In proposito il Collegio intende dare continuità al seguente principio di diritto: In tema di arbitrato, nel caso di contestuale proposizione dell’eccezione di compromesso e di domanda riconvenzionale, la prima non può considerarsi rinunciata in ragione della formulazione della seconda, in quanto l’esame della domanda riconvenzionale è ontologicamente condizionato al mancato accoglimento dell’eccezione di compromesso, essendo la fondatezza di quest’ultima incompatibile con l’esame della domanda riconvenzionale (Sez. 1, Sent. n. 20139 del 2018).
Tale principio è stato ribadito anche di recente da Sez. 1, Ord. n. 19823 del 2020 secondo cui la condotta processuale della parte convenuta in un giudizio che, dopo aver proposto eccezione di arbitrato, non si limiti a formulare semplici difese ed a sollevare eccezioni in senso proprio, ma proponga una domanda riconvenzionale, non implica alcuna rinuncia all’eccezione formulata. Infatti, anche nel caso di contestuale proposizione dell’eccezione di compromesso e di domanda riconvenzionale, la prima non può considerarsi rinunciata in ragione della formulazione della seconda, in quanto l’esame della domanda riconvenzionale è ontologicamente condizionato al mancato accoglimento dell’eccezione di compromesso, essendo la fondatezza di quest’ultima incompatibile con l’esame della domanda riconvenzionale (Sez. 1, n. 20139 del 2018; Sez. 1, n. 12684 del 2007).
2. Il secondo motivo di ricorso è così rubricato: violazione e falsa applicazione dell’art. 1385 c.c..

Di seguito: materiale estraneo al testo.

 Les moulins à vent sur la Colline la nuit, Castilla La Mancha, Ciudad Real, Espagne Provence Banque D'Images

La censura ha ad oggetto la statuizione della Corte d’Appello che ha ritenuto ingiustificato il recesso dei ricorrenti ex art. 1385 c.c., Secondo i ricorrenti, invece, vi era stato un inadempimento delle controparti, in quanto la banca non aveva più versato le somme che dovevano integrare la caparra confirmatoria. La Corte d’Appello avrebbe errato nella valutazione della testimonianza della teste F. che aveva detto che la banca aveva sempre pagato, anche con riferimento al periodo indicato, in quanto tale pagamento era avvenuto in un momento successivo. L’inadempimento dei ricorrenti, peraltro, non sarebbe stato grave e, dunque, non avrebbe potuto giustificare la risoluzione, mentre il recesso avrebbe dovuto ritenersi legittimo.
3. Il terzo motivo di ricorso è così rubricato: violazione e falsa applicazione dell’art. 1337 c.c..

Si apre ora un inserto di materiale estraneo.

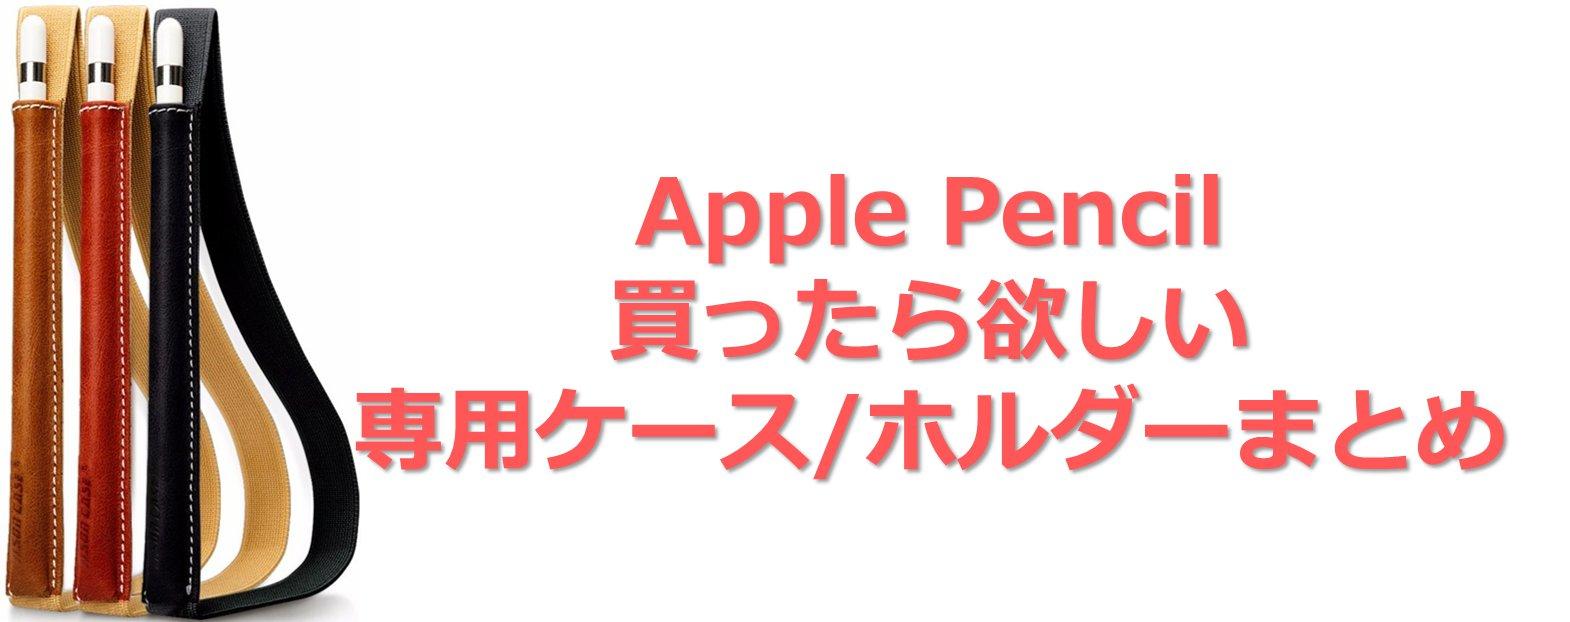 Apple Pencilケース アイキャッチ

La censura attiene alla qualificazione del comportamento dei ricorrenti come doloso con riferimento alla missiva del 16 giugno 2009 che era stata, invece, originata dal comportamento tenuto dalle controparti che avevano invitato la banca a non versare più le somme previste dal contratto. La Corte d’Appello avrebbe ribadito la sentenza di primo grado senza confrontarsi con le critiche espresse nel motivo di appello.
4. L’accoglimento del primo motivo di ricorso determina l’assorbimento dei restanti due.

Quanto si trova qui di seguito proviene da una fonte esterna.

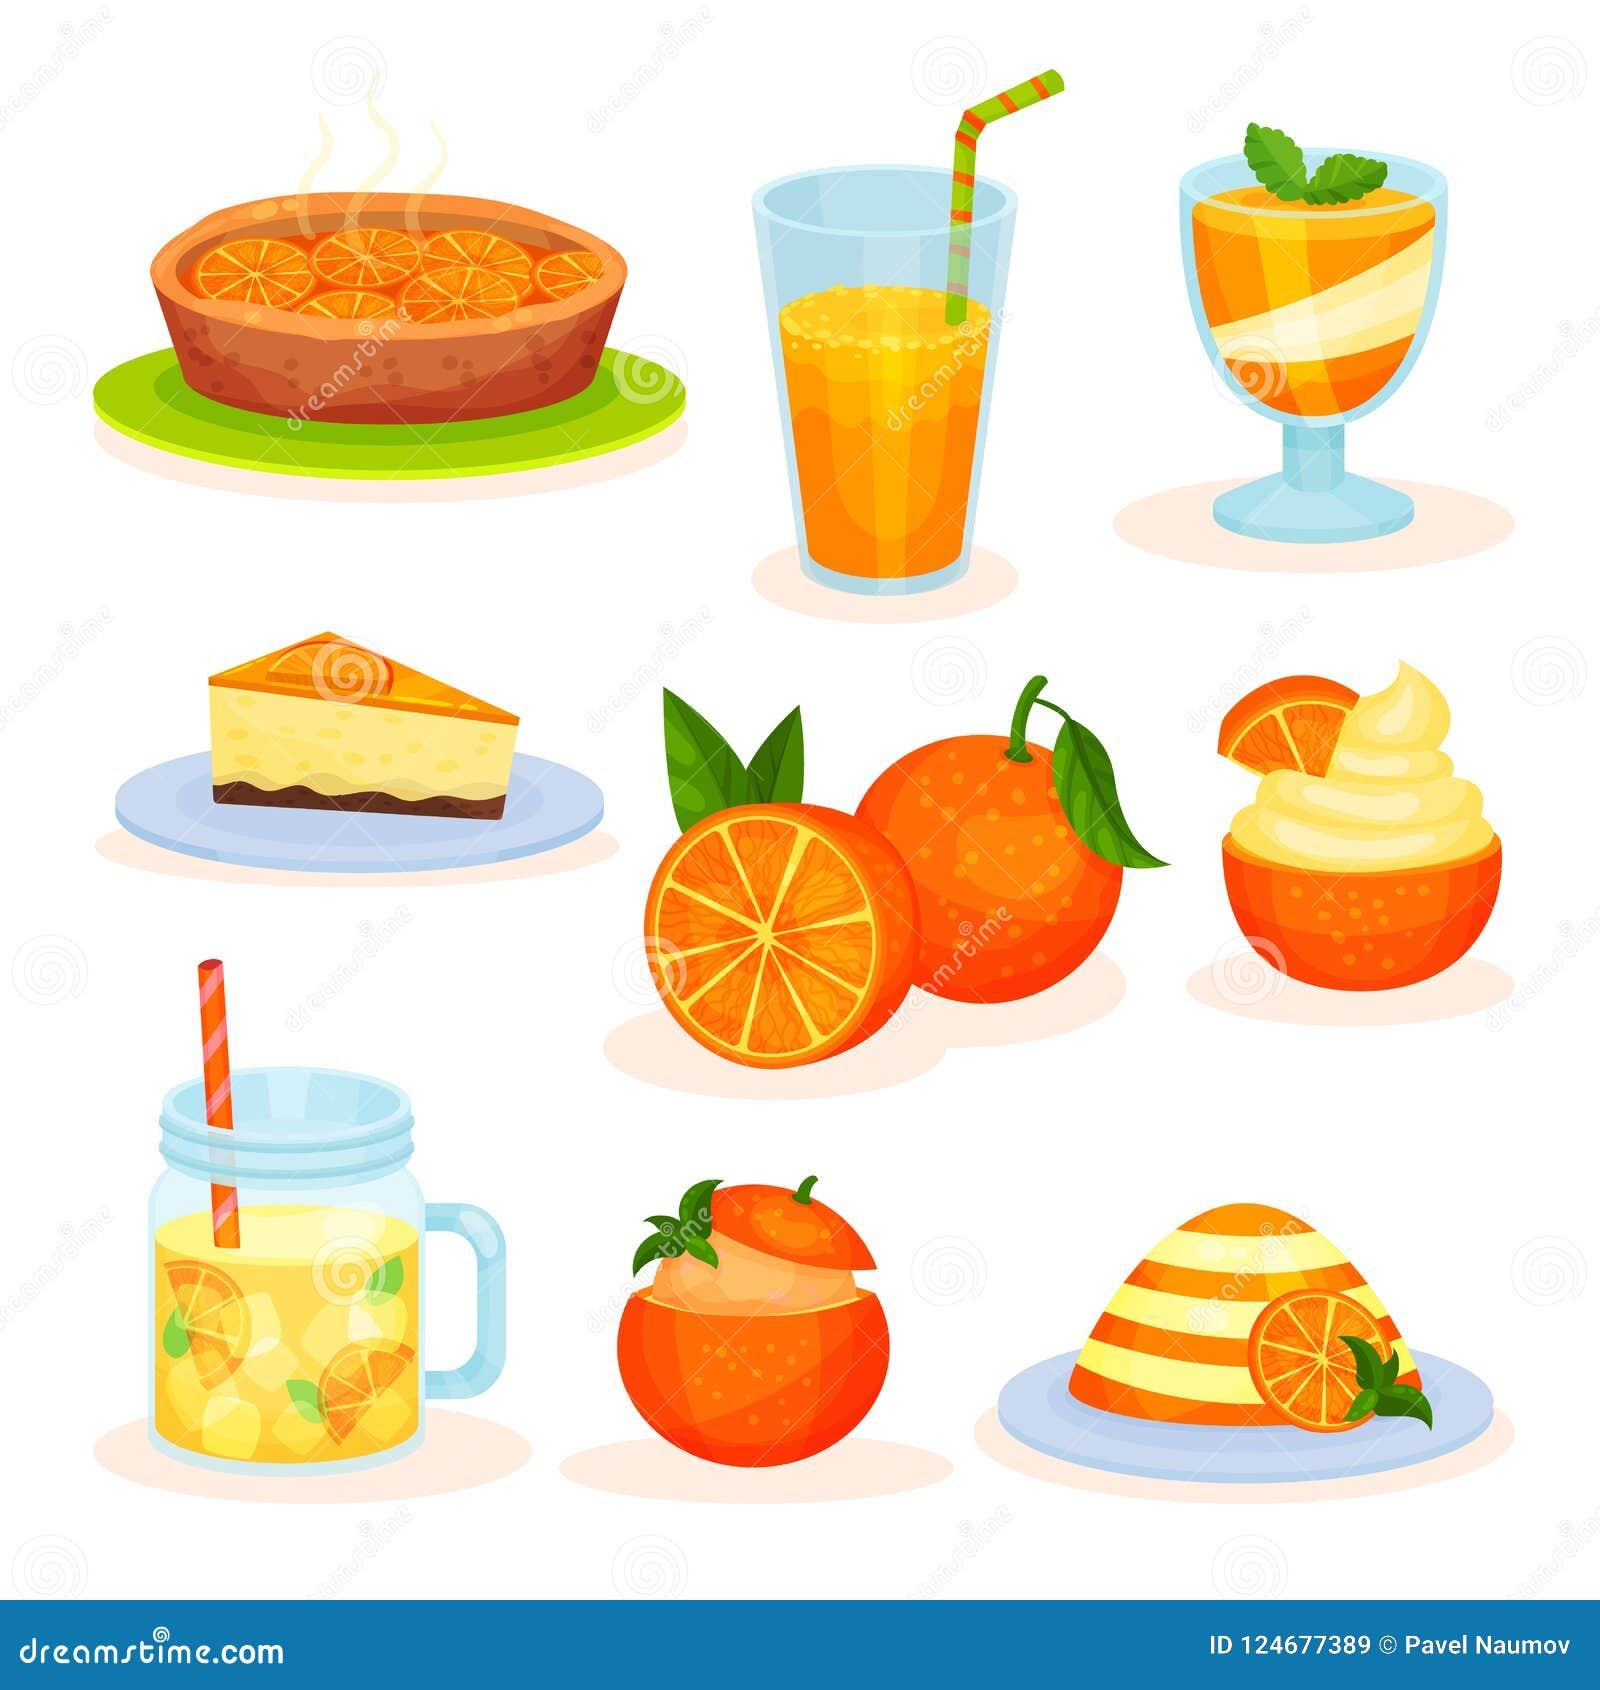 Świeżej owoc pomarańczowi desery, świeżo piec kulebiak, sok, mousse, tort, pudding wektorowe ilustracje na białym tle

5. La Corte accoglie il primo motivo, dichiara assorbiti i restanti due, cassa senza rinvio la sentenza impugnata in applicazione dell’art. 382 c.p.c., comma 3, ultimo inciso.
6. Le spese dell’intero giudizio, sia di merito che di legittimità, seguono la soccombenza e sono liquidate come in dispositivo.
P.Q.M.
La Corte accoglie il primo motivo di ricorso, dichiara assorbiti i restanti due, cassa senza rinvio la sentenza impugnata perché il giudizio non poteva essere proposto e condanna la controricorrente alle spese processuali, liquidate in Euro 3.000,00, quanto al giudizio di primo grado, in Euro 3.500,00, quanto al giudizio di appello, e in Euro 4100,00, più 200 per esborsi, quanto al giudizio di cassazione.
Così deciso in Roma, nella Camera di consiglio della Sezione Seconda Civile, il 13 ottobre 2021.